We cannot follow a better pattern for elocution than God Himself. Therefore He using divers words in his Holy Writ, and indifferently for one thing in nature, we may use the same liberty in our English versions out of Hebrew or Greek, for that copy or store that He hath given us.—The Translators [of the Bible, 1611] to the Reader.

Be copy now to men of grosser blood,

And teach them how to war.

Shakespeare, Henry V. act iii. sc. 1.

Drayton’s Heroical Epistles are well worth the reading also, for the purpose of our subject, which is to furnish an English historian with choice and copy of tongue.—Bolton, Hypercritica, p. 235.

The sun, the prince of all the bodies of light, is the principal, the rule and the copy, which they in their proportions imitate and transcribe.—Bishop Taylor, Exhortation to the Imitation of Christ.

Coquet. At present all our ‘coquets’ are female. But, as in the case with so many other words instanced in this volume, what once belonged to both sexes is now restricted to one.

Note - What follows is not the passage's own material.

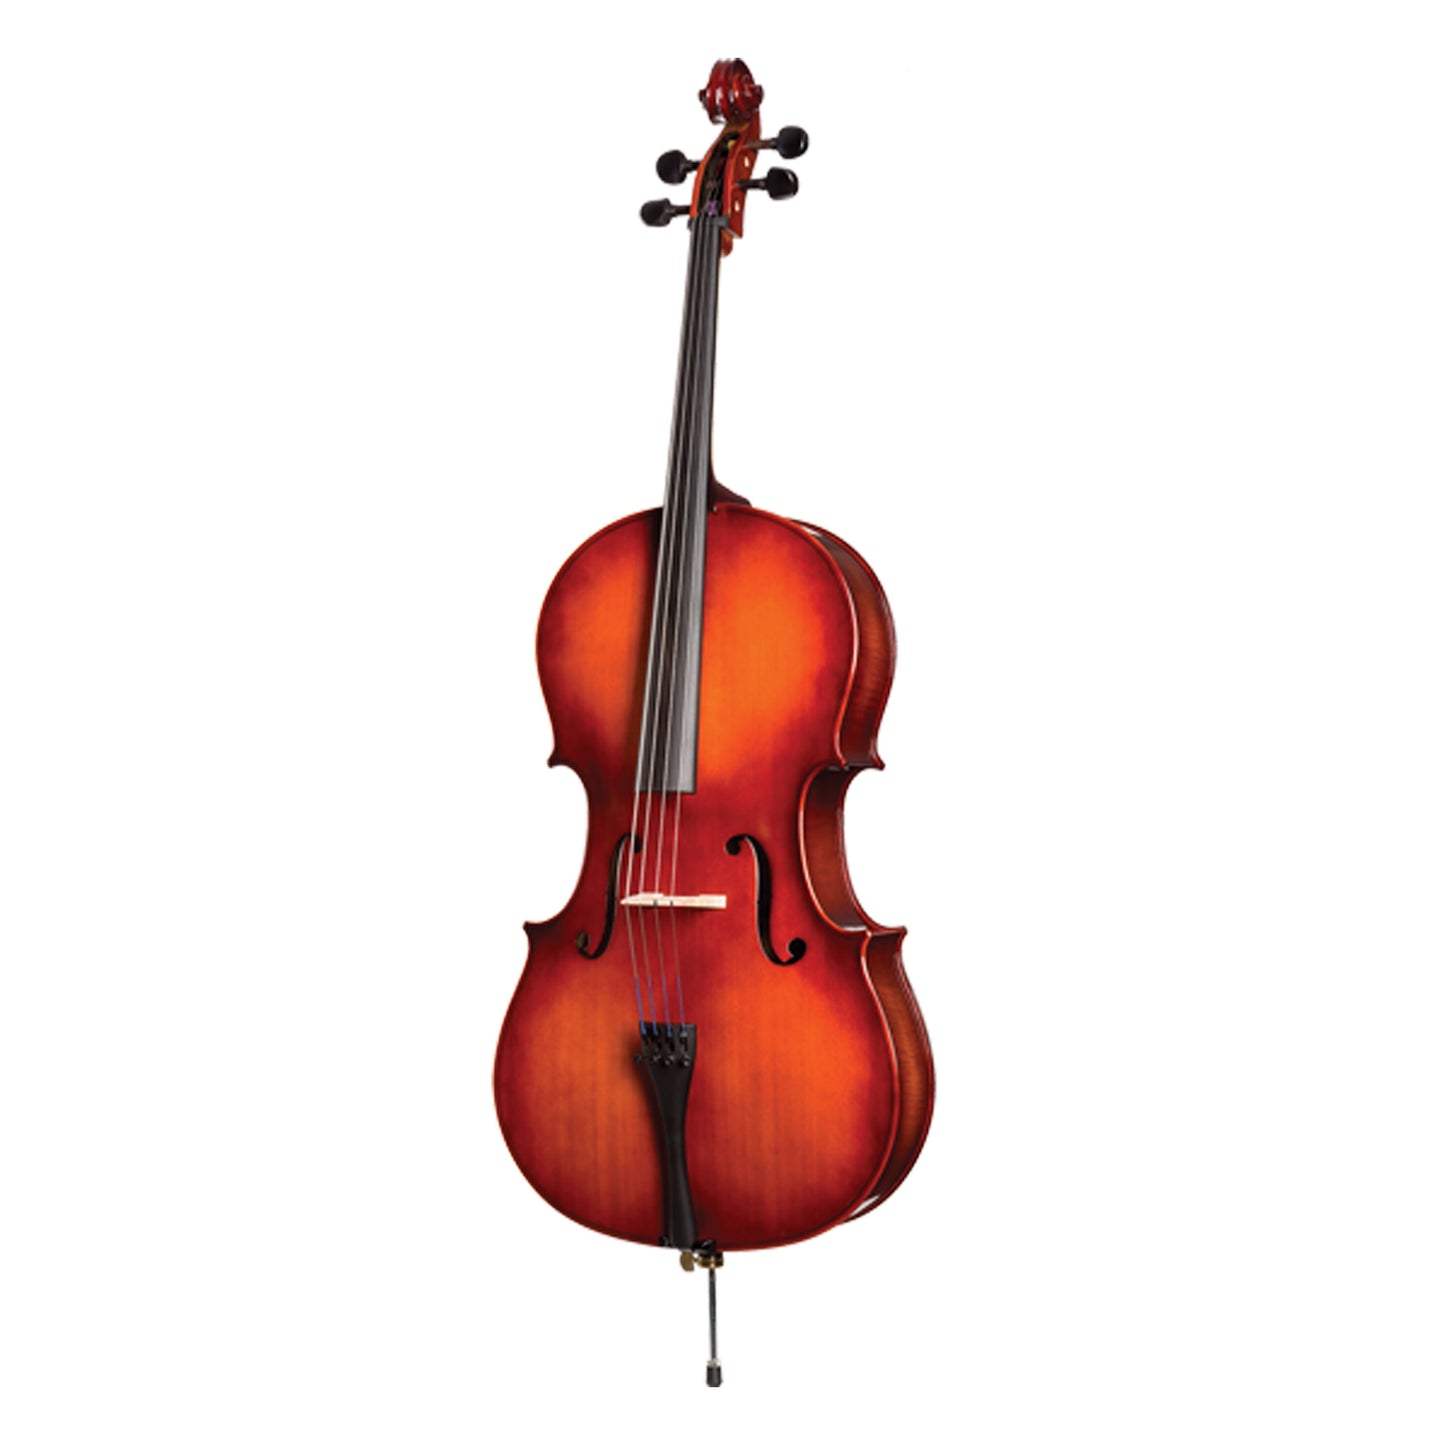 Howard Core Academy A30 1/4"" Cello Outfit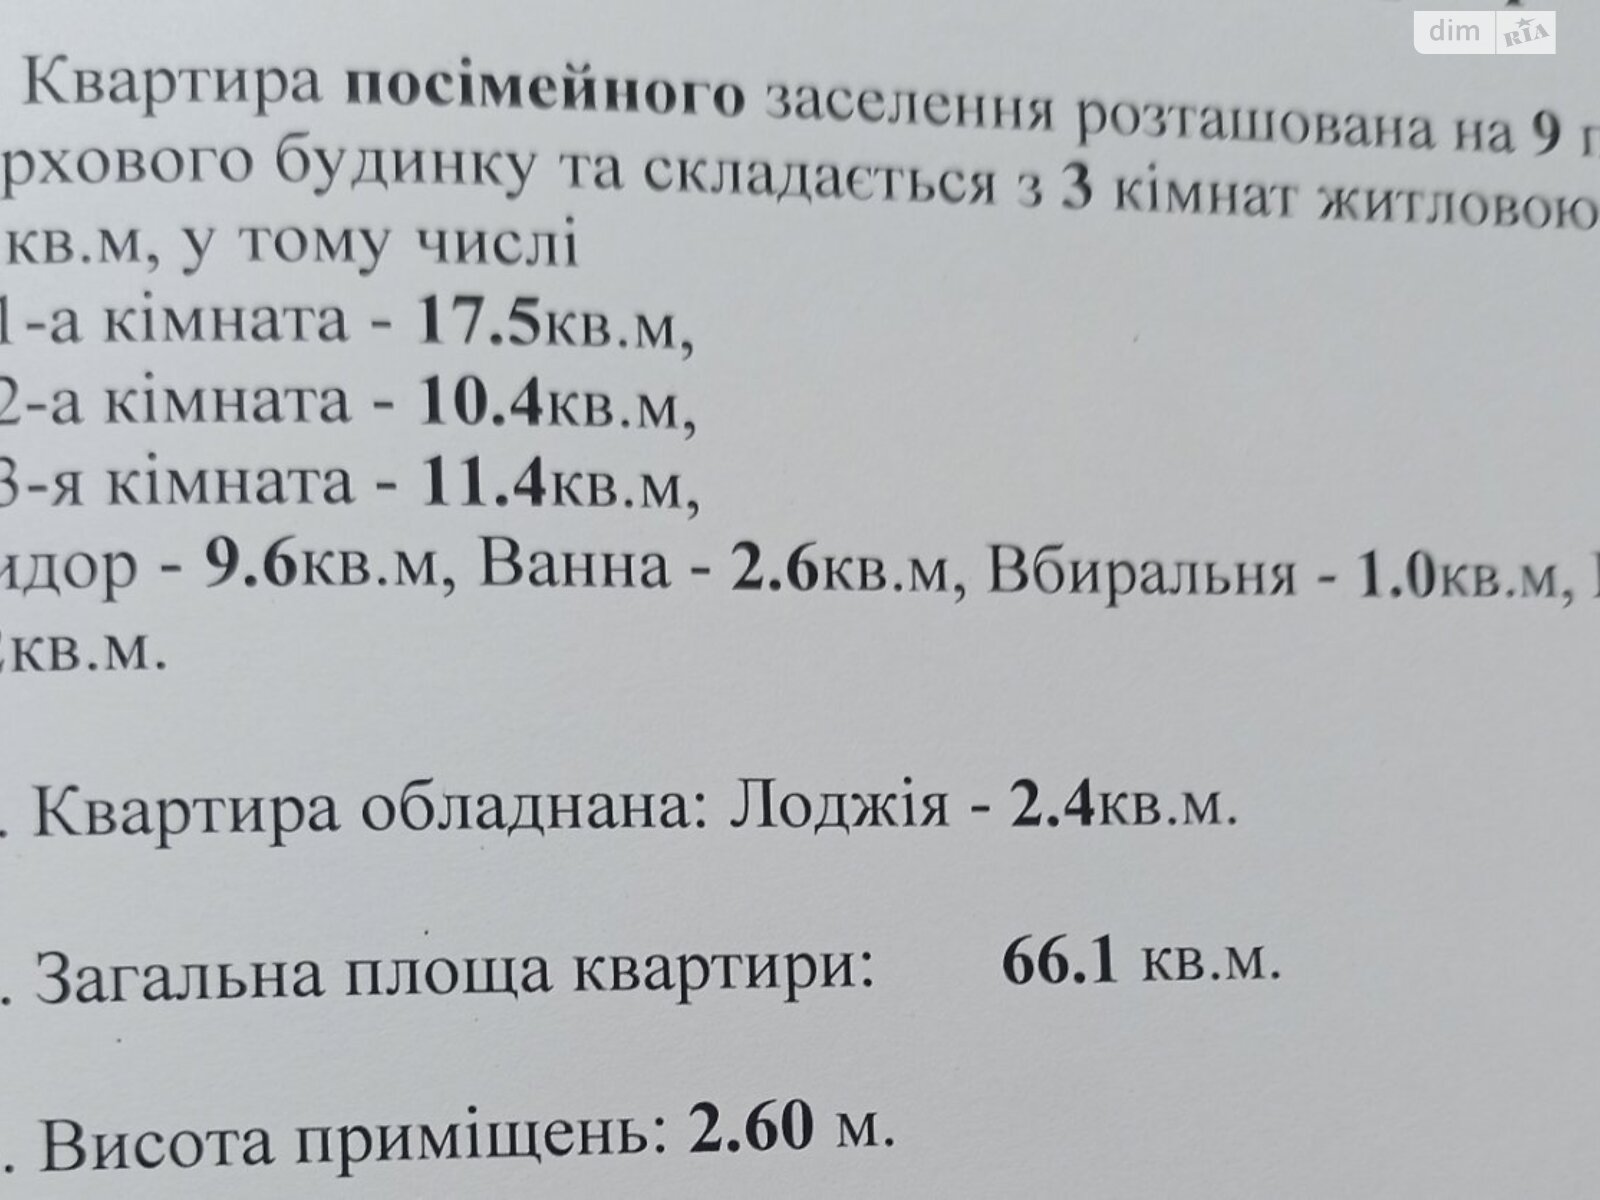 Продажа трехкомнатной квартиры в Николаеве, на ул. Озерная, район Намыв фото 1

Cocquet; a beau, a gallant, a general lover; also a wanton girl that speaks fair to several lovers at once.—Phillips, New World of Words.

Corpse. Now only used for the body abandoned by the spirit of life, but once for the body of the living equally as of the dead; now only = ‘cadaver,’ but once ‘corpus’ as well. It will follow that ‘dead corpses’ (2 Kings xix. 35 and often) is not a tautology.

A valiant corpse, where force and beauty met.